Task item:
All of the data below should be printed again word for word, pictures excluded.

Data provided:

◆ ◆ ◆ ◆

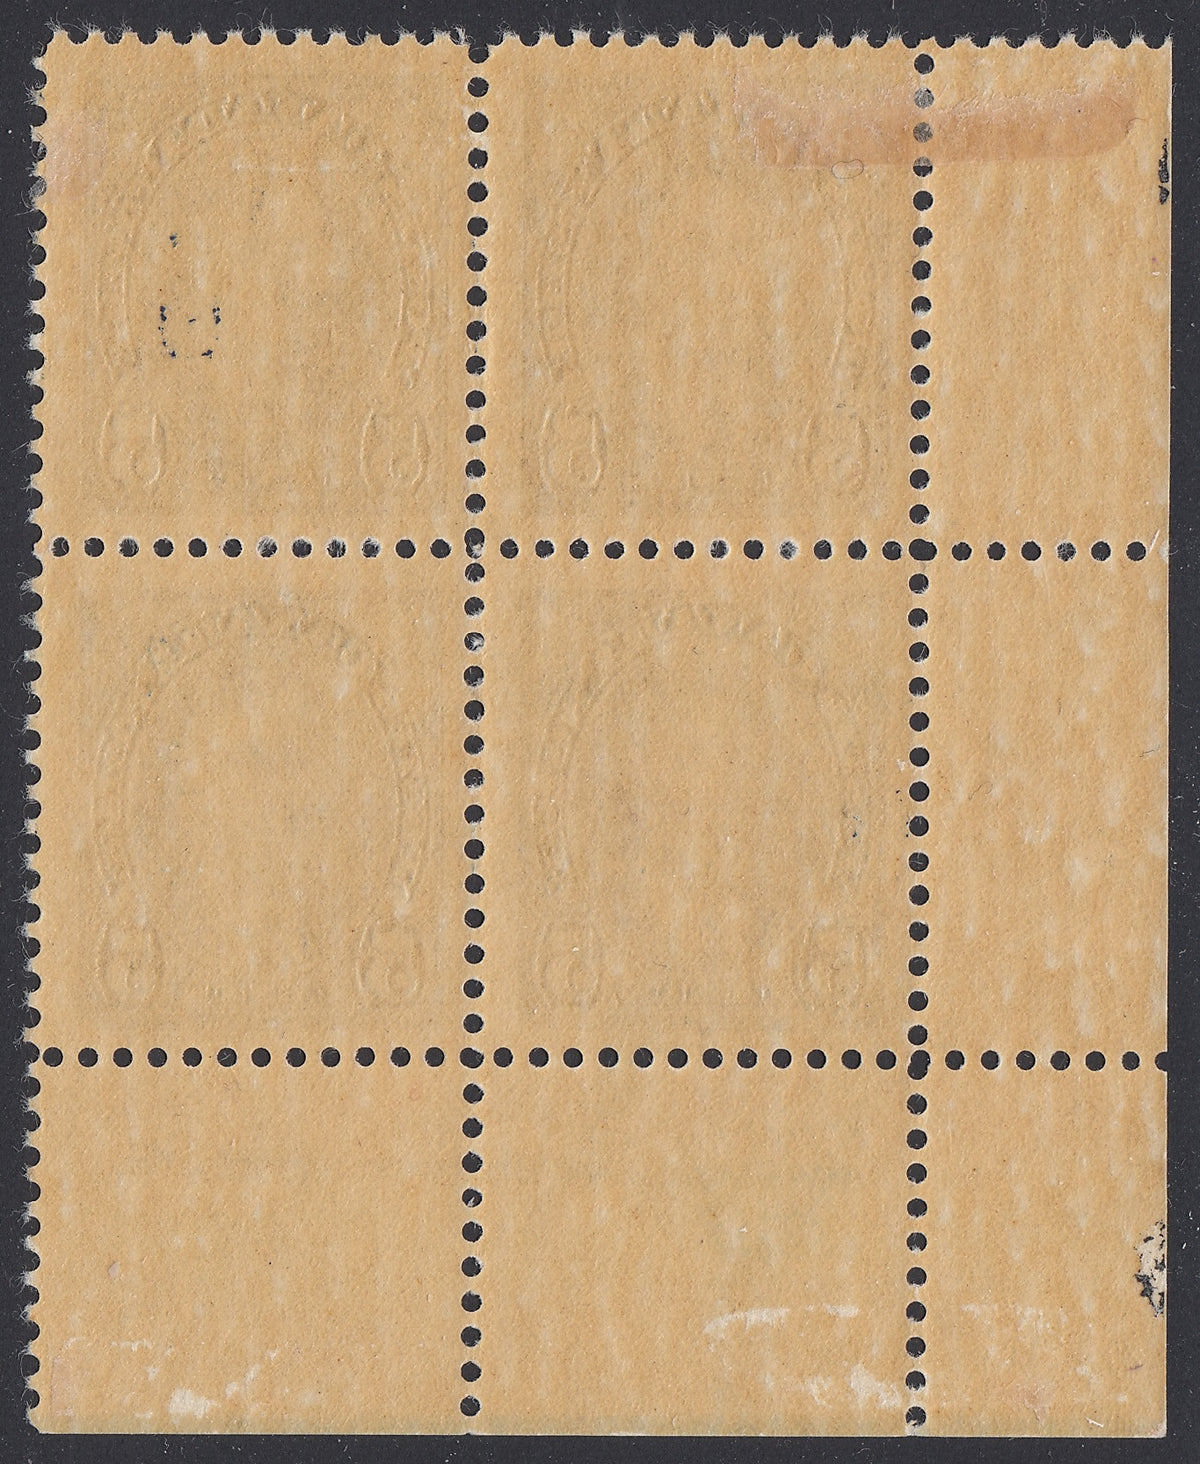 0235CA2012 - Canada #235xx Block - Mint, Cracked Plate
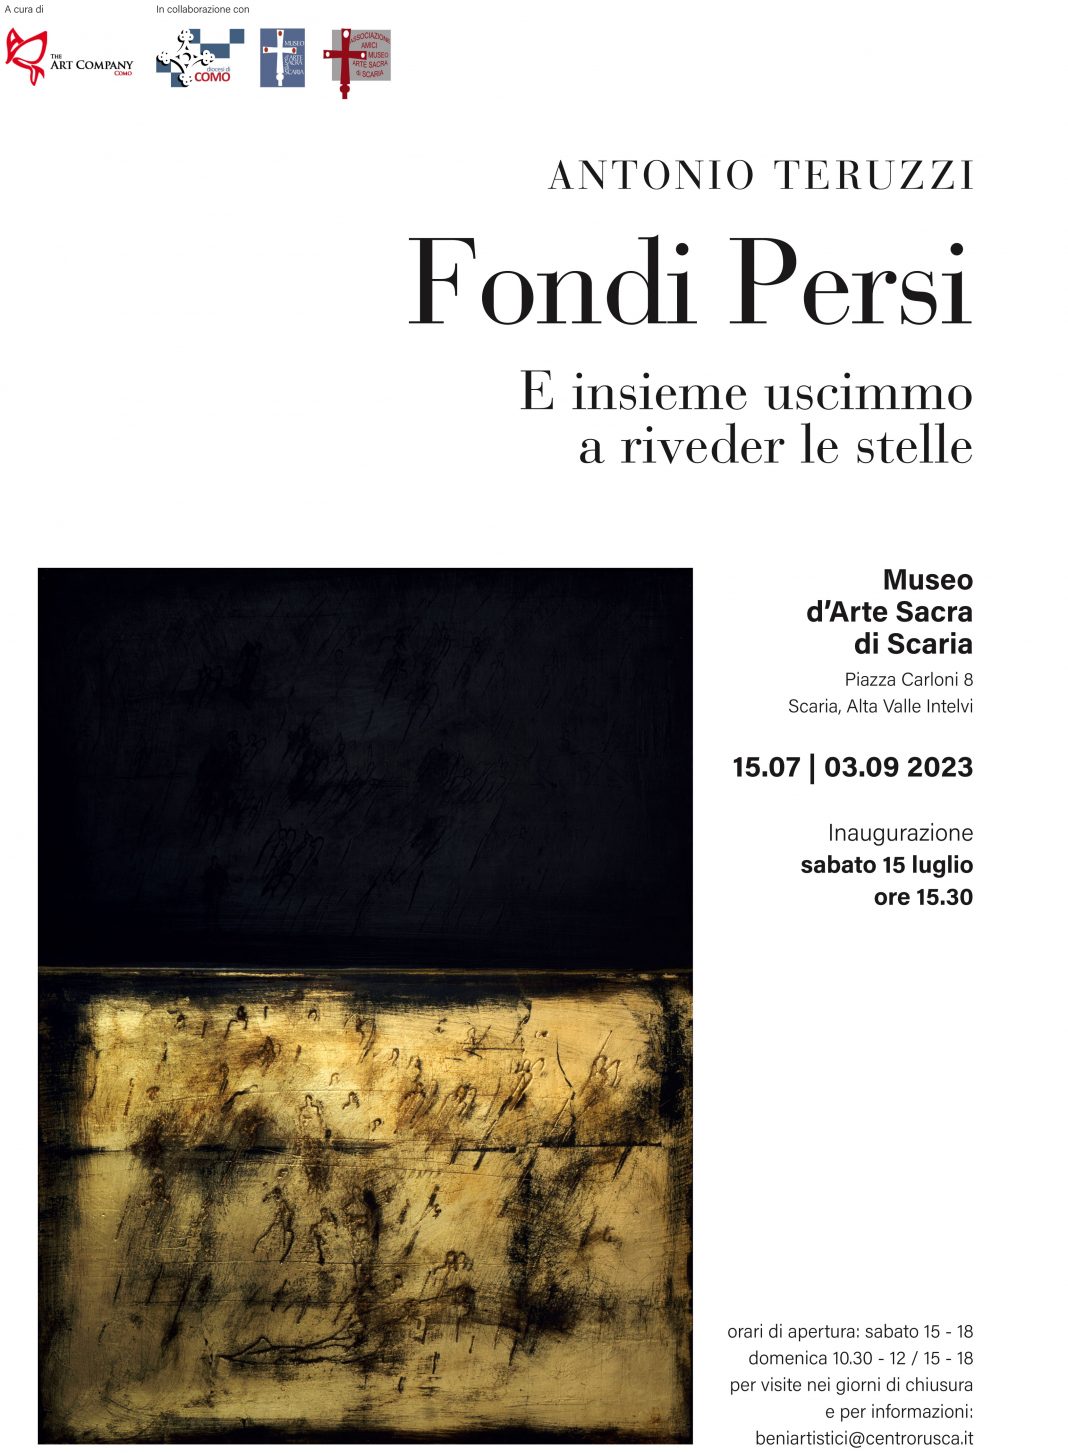 Antonio Teruzzi – Fondi Persi – E insieme uscimmo a riveder le stellehttps://www.exibart.com/repository/media/formidable/11/img/5f2/FONDI-PERSI_locandina-1068x1453.jpg
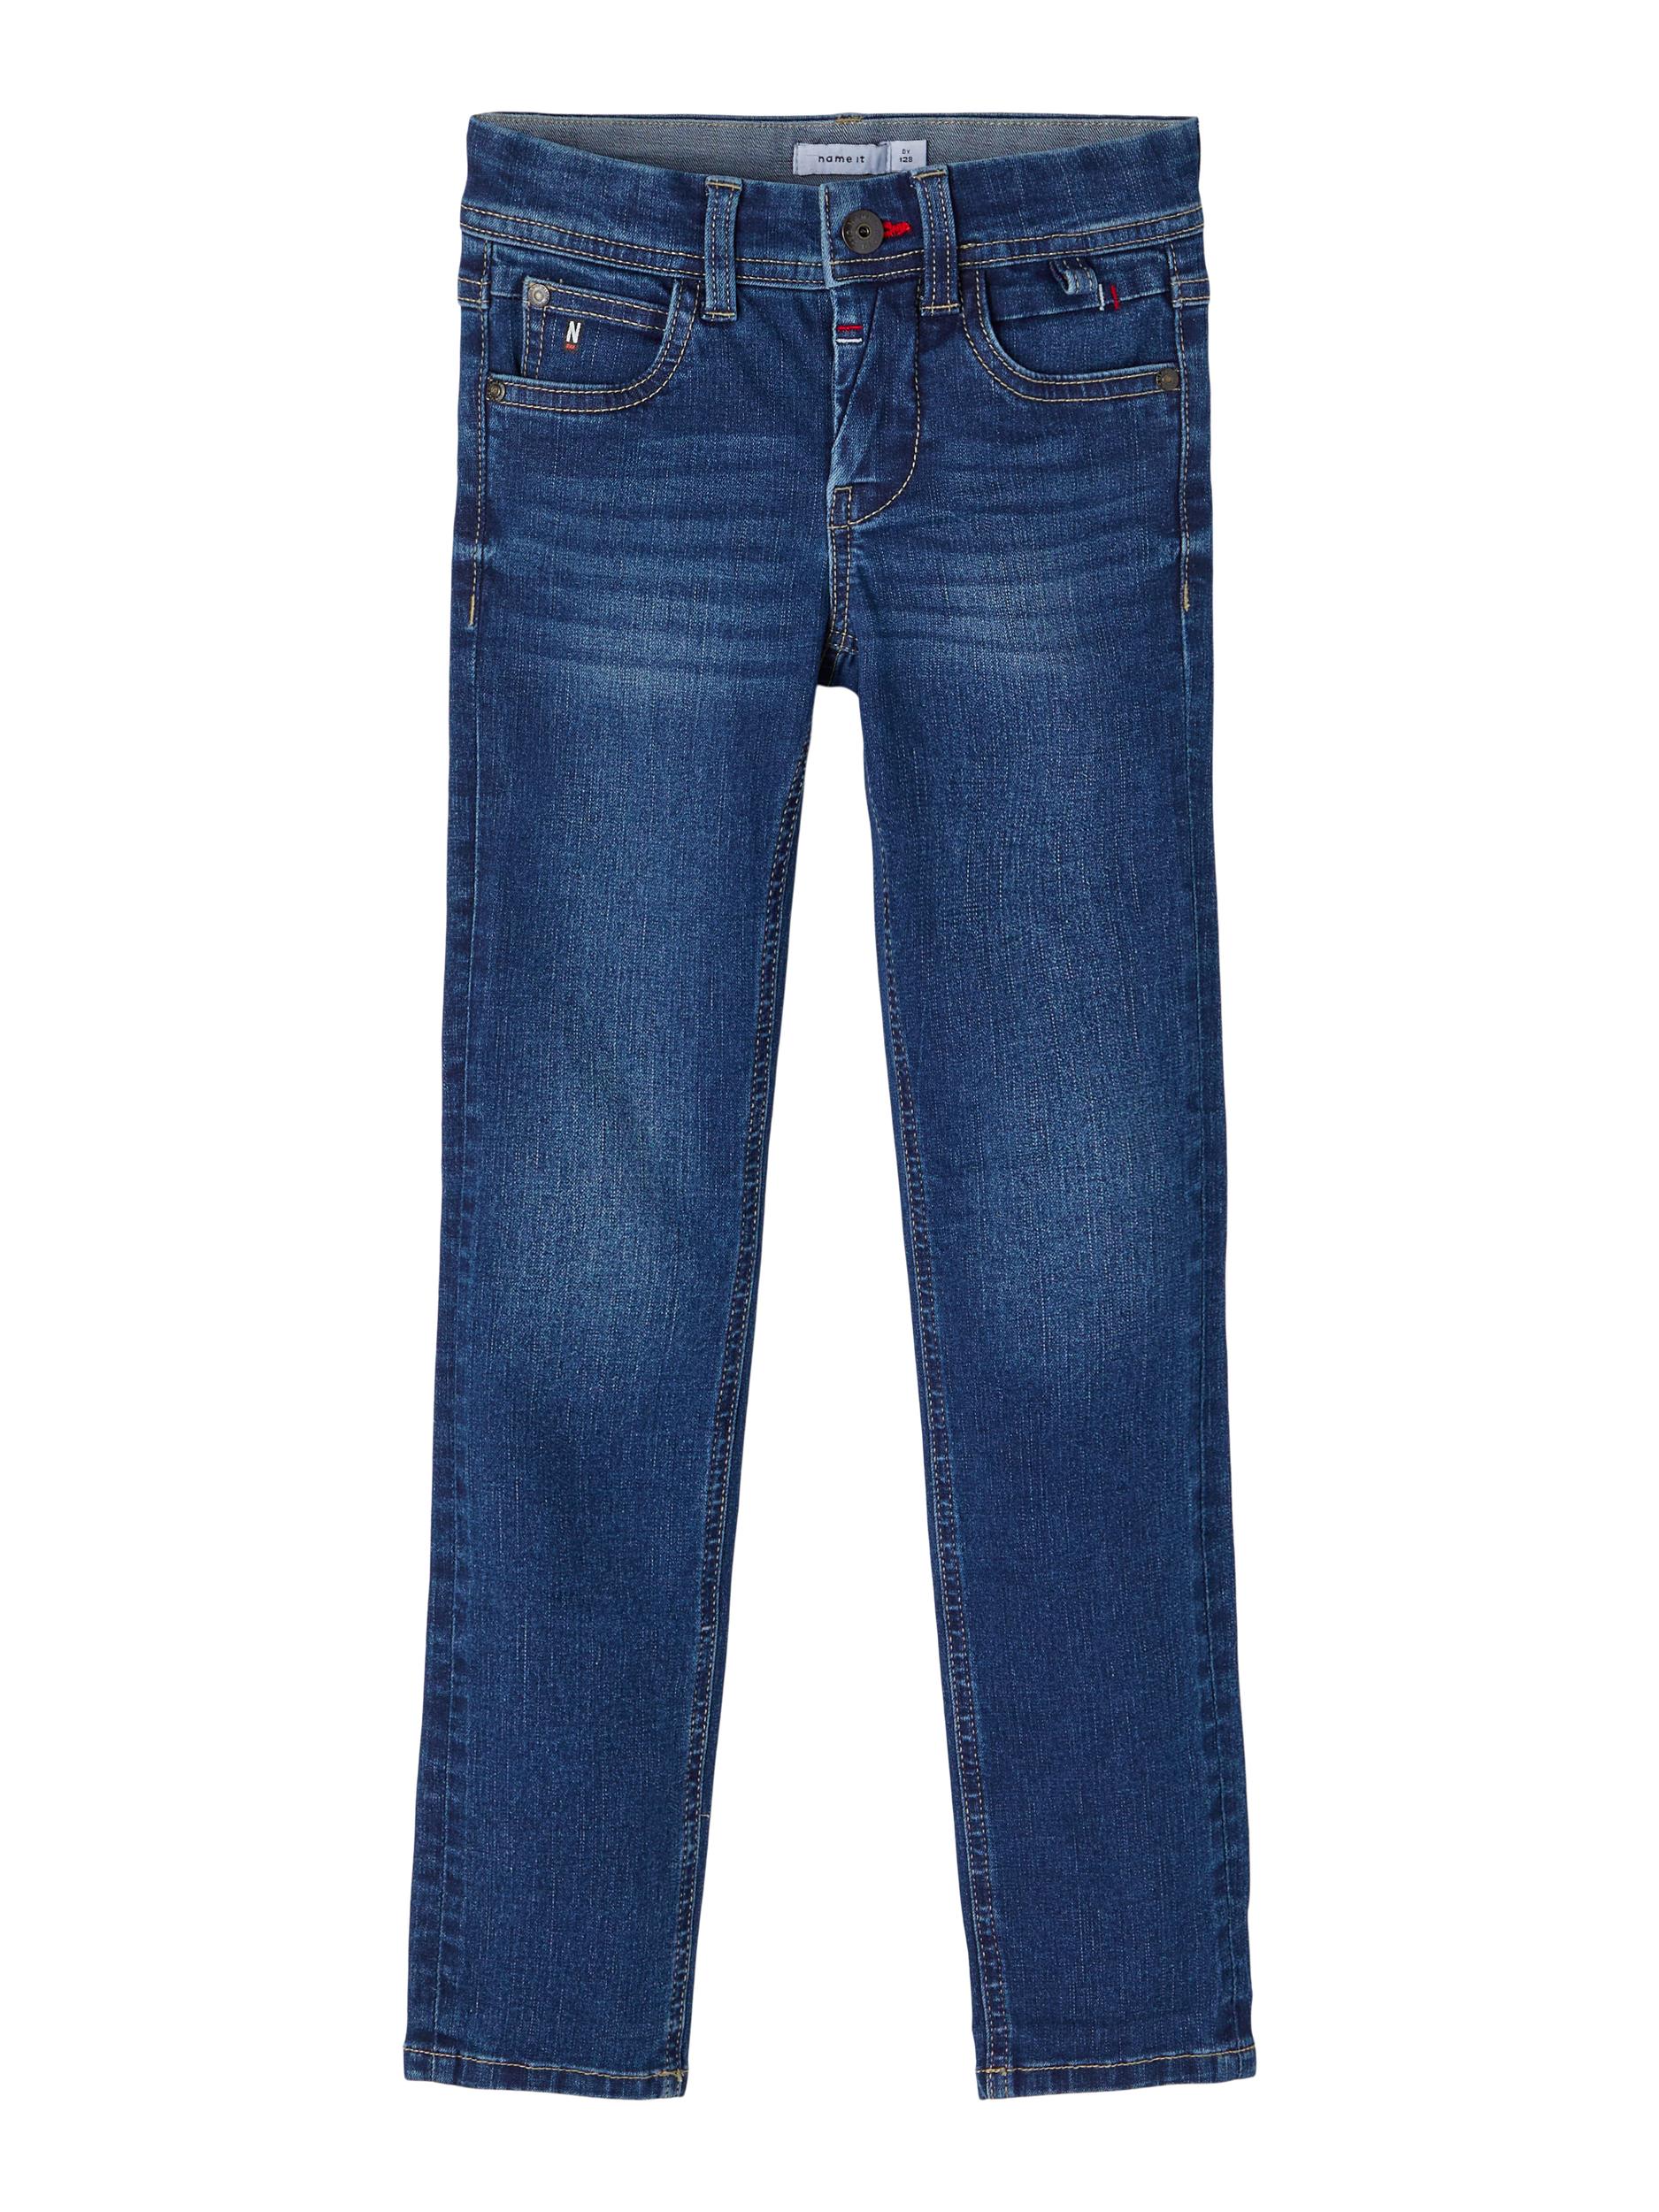  Theo Jeans, Dark Blue Denim, 140 cm

◆ ◆ ◆ ◆

Written answer:
 0235CA2012 - Canada #235xx Block - Mint, Cracked Plate
 Antonio Teruzzi – Fondi Persi – E insieme uscimmo a riveder le stellehttps://www.exibart.com/repository/media/formidable/11/img/5f2/FONDI-PERSI_locandina-1068x1453.jpg
  Theo Jeans, Dark Blue Denim, 140 cm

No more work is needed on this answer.